Camil Jebara

Personal information
- Full name: Camil Abdelhakim Jebara
- Date of birth: 19 January 2003 (age 23)
- Place of birth: Tayibe, Israel
- Height: 1.83 m (6 ft 0 in)
- Position: Winger

Team information
- Current team: Lillestrøm
- Number: 19

Youth career
- 0000–2019: Maccabi Tel Aviv
- 2019–2021: Landskrona BoIS

Senior career*
- Years: Team / Apps / (Gls)
- 2021–2023: Landskrona BoIS / 38 / (5)
- 2023–2026: IF Elfsborg / 13 / (0)
- 2024: → Västerås SK (loan) / 8 / (0)
- 2025: → Kalmar FF (loan) / 27 / (2)
- 2026–: Lillestrøm / 11 / (1)

International career
- 2023: Sweden U20 / 3 / (0)
- 2023: Sweden U21 / 1 / (0)

= Camil Jebara =

Swedish footballer (born 2002)

Camil Jebara (born 19 January 2003) is a footballer who plays as a right winger for Eliteserien side Lillestrøm. Born in Israel, he represented Sweden at youth level.

==Personal life==
Jebara grew up in the Arab Israeli city of Tayibe, a son of a Palestinian father and Swedish mother. He used to visit his mother's family in Lund, Sweden "at least two months a year". He belonged to the academy of Maccabi Tel Aviv, but when it was time to enrol in secondary school, he opted to move to Lund and attend a football school in Landskrona. He also joined the local team Landskrona BoIS, and advanced through its U17, U19 and U21 teams.

==Career==
Jebara made his senior debut for Landskrona BoIS in the Superettan in September 2021. He played regularly in 2022, and in 2023 he made his international debut for Sweden U20 and Sweden U21. In 2023 he was sought after by several Allsvenskan clubs. IFK Göteborg reportedly made a transfer bid in June 2023, but Jebara signed for IF Elfsborg.

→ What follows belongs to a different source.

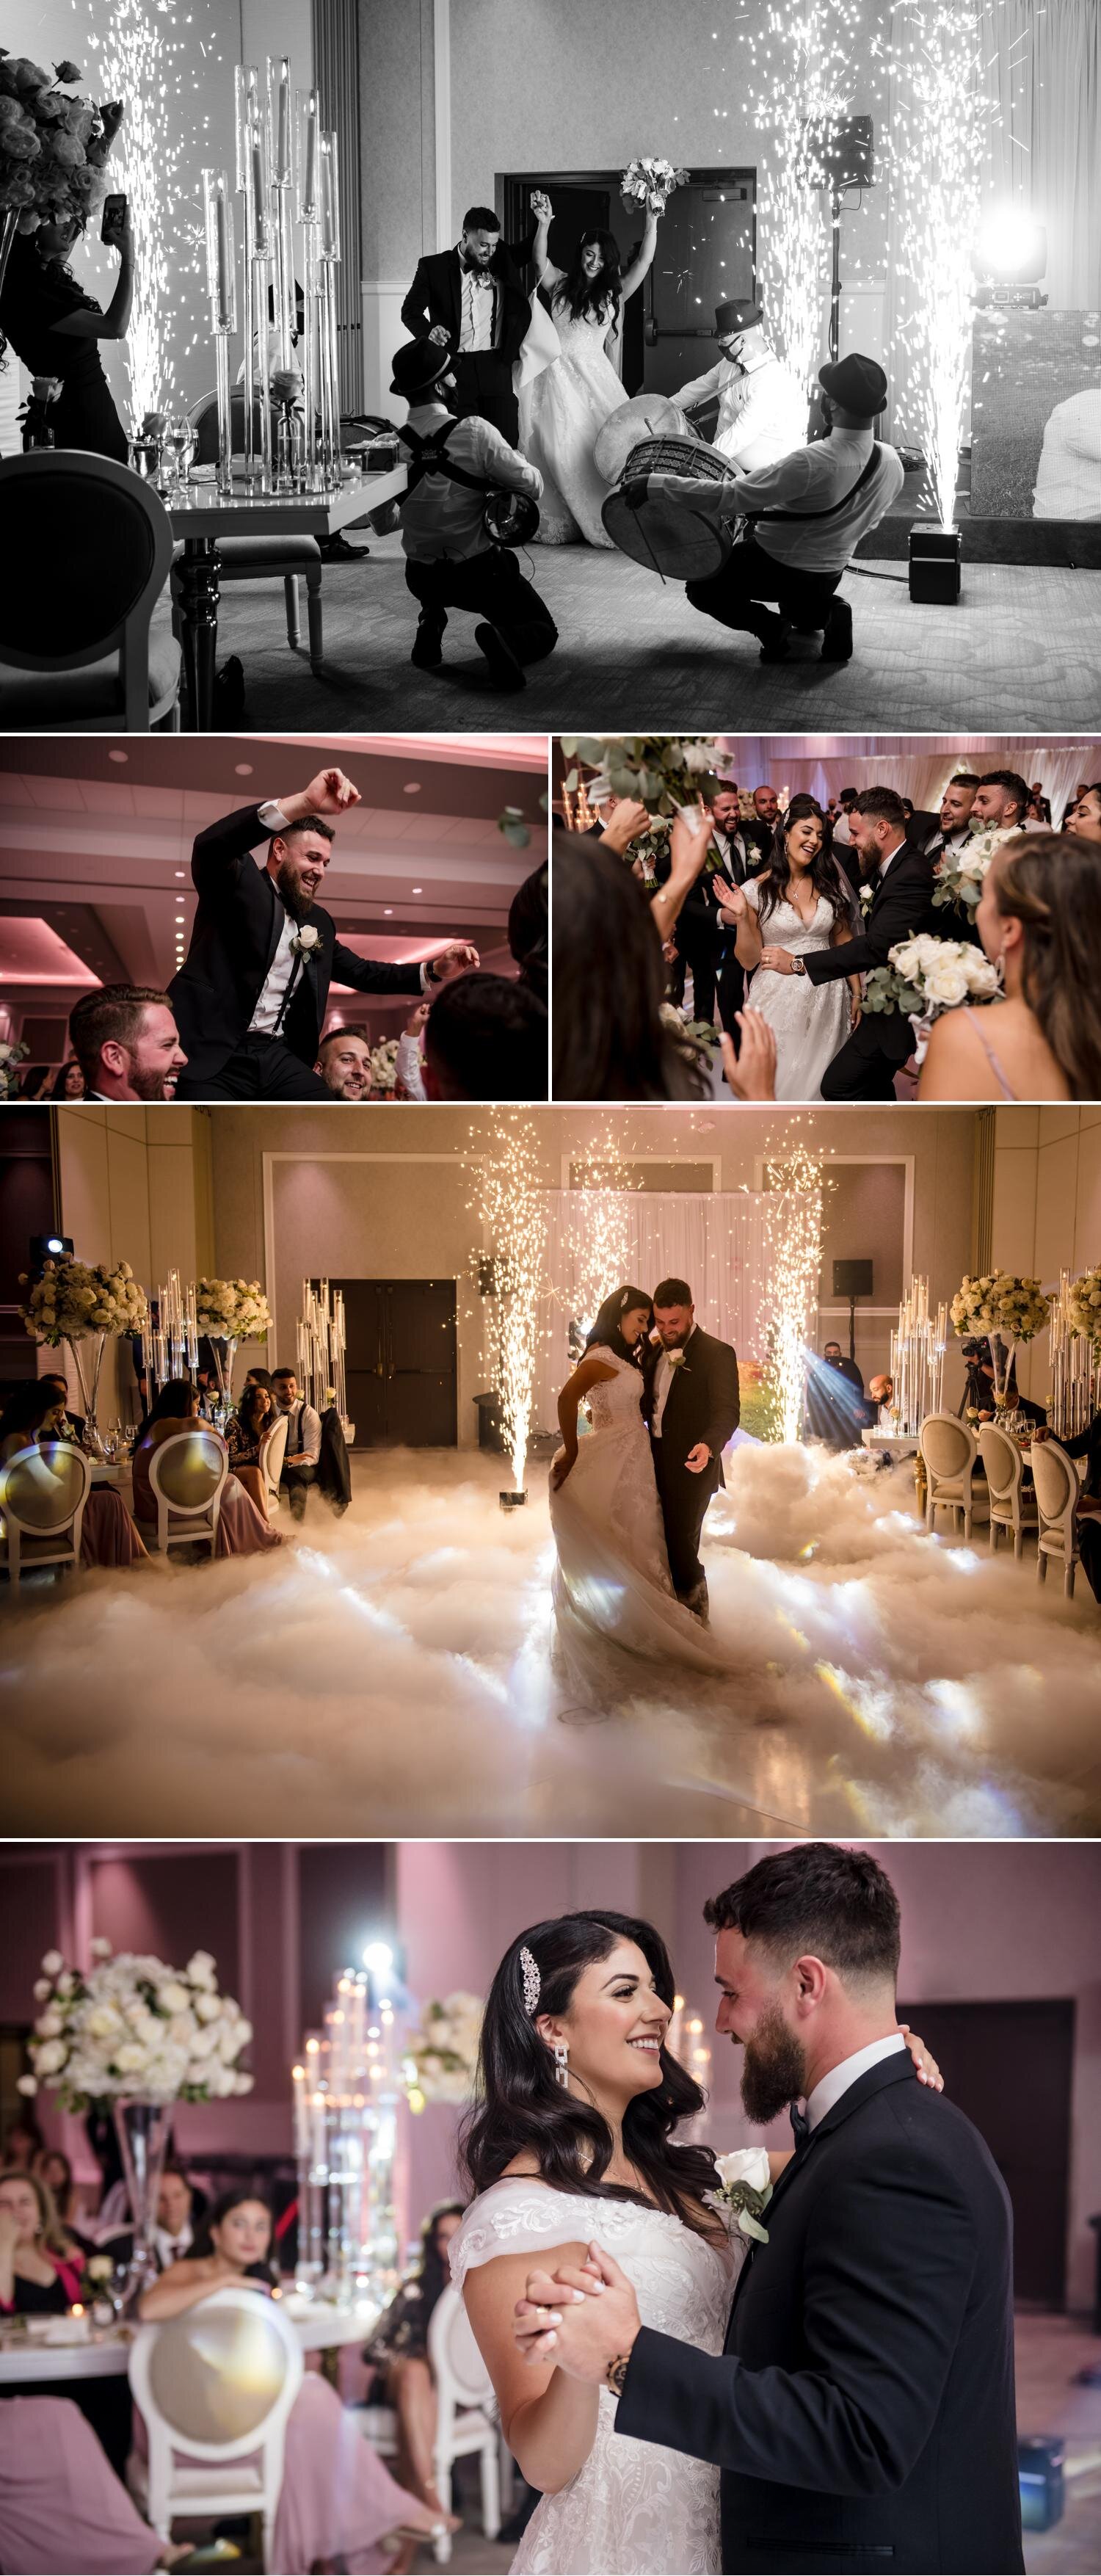 Lebanese wedding reception photos

After one year in Elfsborg, Jebara had played a dozen games, but not started a single one. At that time, Elfsborg's manager left for elsewhere and was replaced by Oscar Hiljemark, who stated that Jebara was likely to make his first start. It came on 14 July, in an away victory over Häcken. As a further breakthrough still was not on the books, Jebara was loaned out to struggling Allsvenskan team Västerås SK from September 2024 to the end of the year. Västerås suffered relegation, but Jebara described the loan as "rewarding".

On 26 March 2025, Jebara was loaned out once again, joining Superettan club Kalmar FF on a deal for the remainder of the season.

In January 2026, Jebara joined Norwegian side Lillestrøm SK on a four-year contract.